- **Task to carry out**
The stretch from the line with "Særligt om idrætshaller" through the line with "фото Msgm kids спортивные шорты с логотипом" in the records below: write it out exactly, and nothing else.

- **Information supplied**
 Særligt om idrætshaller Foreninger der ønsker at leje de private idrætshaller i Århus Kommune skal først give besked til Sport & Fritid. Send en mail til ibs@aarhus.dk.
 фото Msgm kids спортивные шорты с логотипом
==
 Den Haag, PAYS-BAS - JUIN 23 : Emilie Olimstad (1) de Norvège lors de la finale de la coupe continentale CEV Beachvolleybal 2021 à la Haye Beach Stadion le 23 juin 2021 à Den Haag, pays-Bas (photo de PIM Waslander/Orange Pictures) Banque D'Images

- **Answer space**
 Særligt om idrætshaller Foreninger der ønsker at leje de private idrætshaller i Århus Kommune skal først give besked til Sport & Fritid. Send en mail til ibs@aarhus.dk.
 фото Msgm kids спортивные шорты с логотипом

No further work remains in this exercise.